The resulting liquor contains a solution of sodium aluminate and undissolved bauxite residues containing iron, silicon, and titanium. These residues - commonly referred to as "red mud" - gradually sink to the bottom of the tank and are removed.
The slurry is pumped to a digester where the chemical reaction to dissolve the alumina takes place. In the digester the slurry is heated to 300 °Fahrenheit (145 °Celsius). It remains in the digester under those conditions from 30 minutes to several hours.
More caustic soda is added to dissolve aluminum containing compounds in the slurry.
Undesirable compounds either don't dissolve in the caustic soda, or combine with other compounds to create a scale on equipment which must be periodically cleaned. The digestion process produces a sodium aluminate solution. Because all of this takes place in a pressure cooker, the slurry is pumped into a series of "flash tanks" to reduce the pressure and heat before it is transferred into "settling tanks."
Settling is achieved primarily by using gravity, although some chemicals are added to aid the process. Just as a glass of sugar water with fine sand suspended in it will separate out over time, the impurities in the slurry - things like sand and iron and other trace elements that do not dissolve - will eventually settle to the bottom.

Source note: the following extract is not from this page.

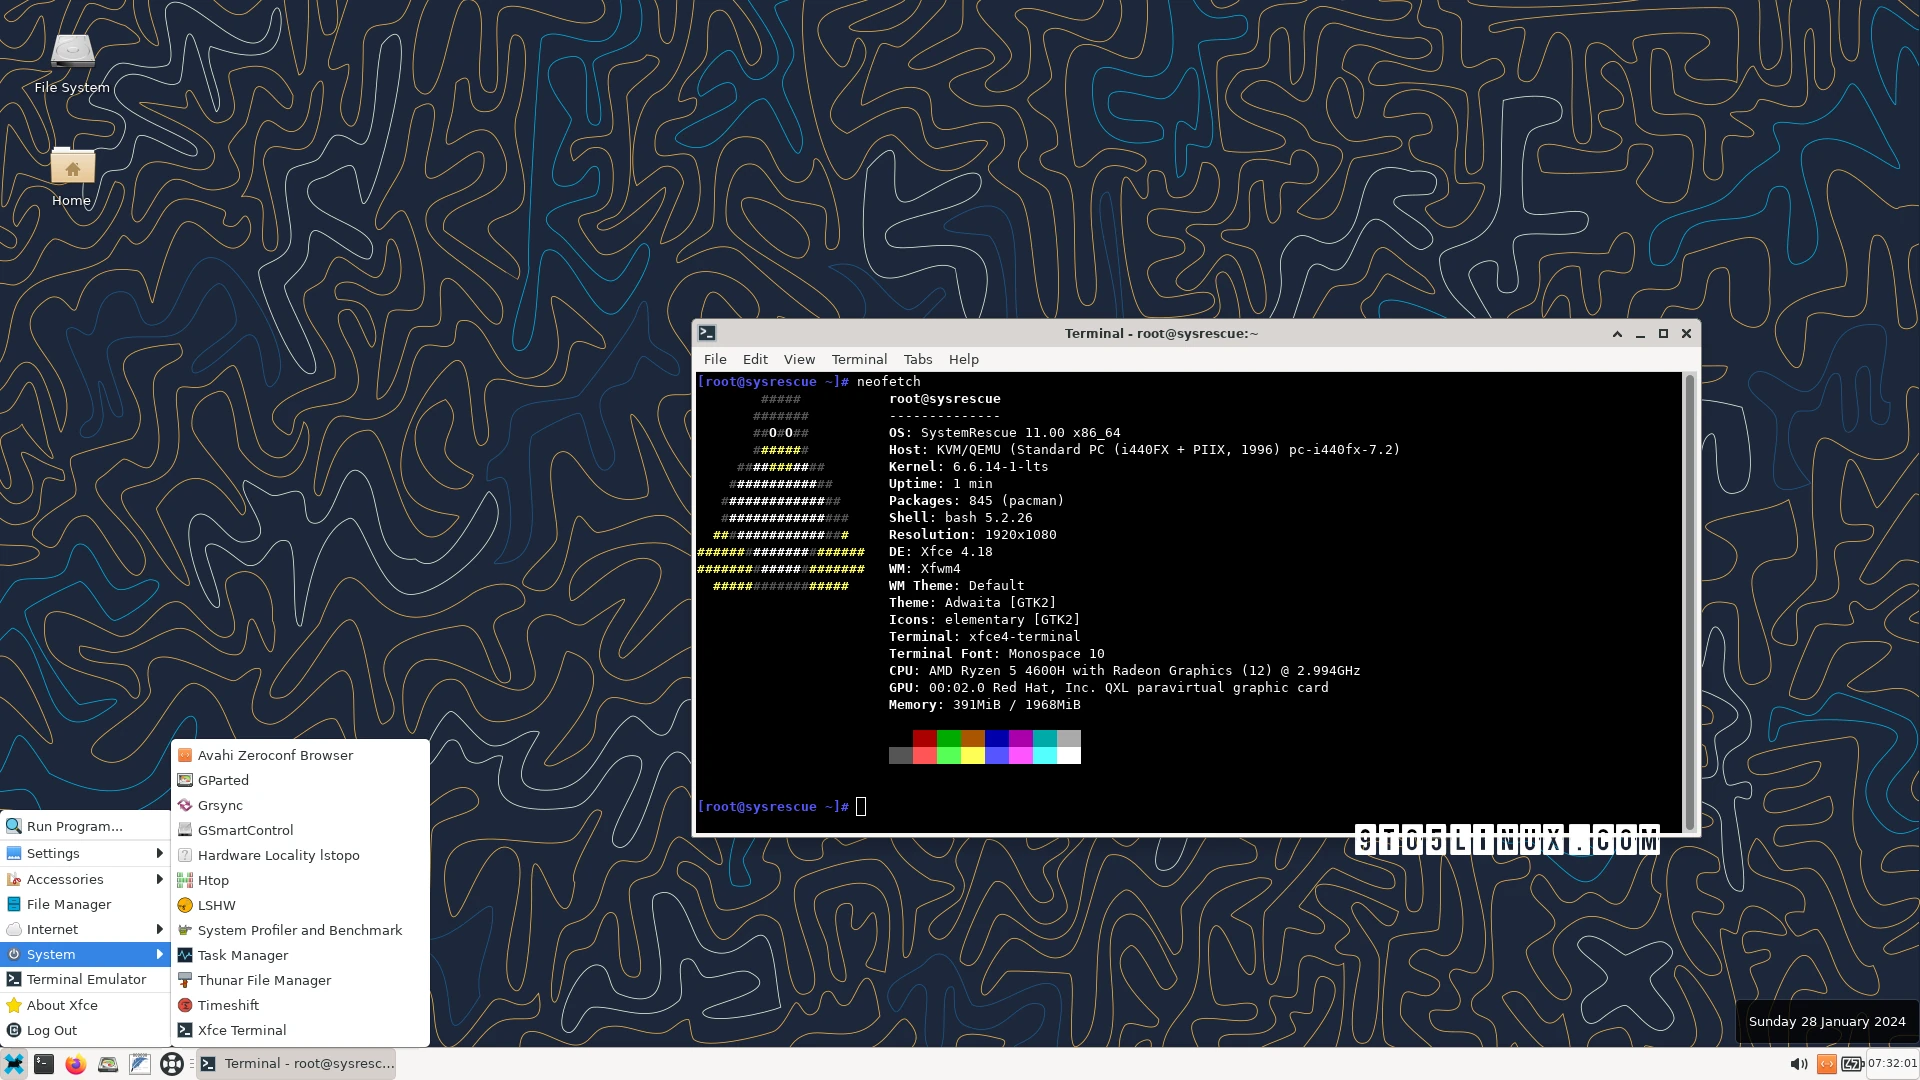 Arch Linux-Based SystemRescue 11 Released with Linux Kernel 6.6 LTS

The liquor at the top of the tank (which looks like coffee) is now directed through a series of filters. After washing to recover alumina and caustic soda, the remaining red mud is pumped into large storage ponds where it is dried by evaporation.
The alumina in the still warm liquor consists of tiny, suspended crystals. However there are still some very fine, solid impurities that must be removed.
The giant-sized filters consist of a series of "leaves" - big cloth filters over steel frames - and remove much of the remaining solids in the liquor. The material caught by the filters is known as a "filter cake" and is washed to remove alumina and caustic soda. The filtered liquor - a sodium aluminate solution - is then cooled and pumped to the "precipitators."
The clear sodium aluminate from the settling and filtering operation is pumped into precipitators. Fine particles of alumina - called "seed crystals" (alumina hydrate) - are added to start the precipitation of pure alumina particles as the liquor cools. Alumina crystals begin to grow around the seeds, then settle to the bottom of the tank where they are removed and transferred to "thickening tanks." Finally, it is filtered again then transferred by conveyor to the "calcination kilns."
From precipitation, the hydrate is filtered and washed to rinse away impurities and remove moisture. A continuous conveyor system delivers the hydrate into the calcining kiln. The calcining kiln is brick-lined inside and gas-fired to a temperature of 2,000 °F or 1,100 °C. It slowly rotates (to make sure the alumina dries evenly) and is mounted on a tilted foundation which allows the alumina to move through it to cooling equipment.
The result is a white powder: pure alumina.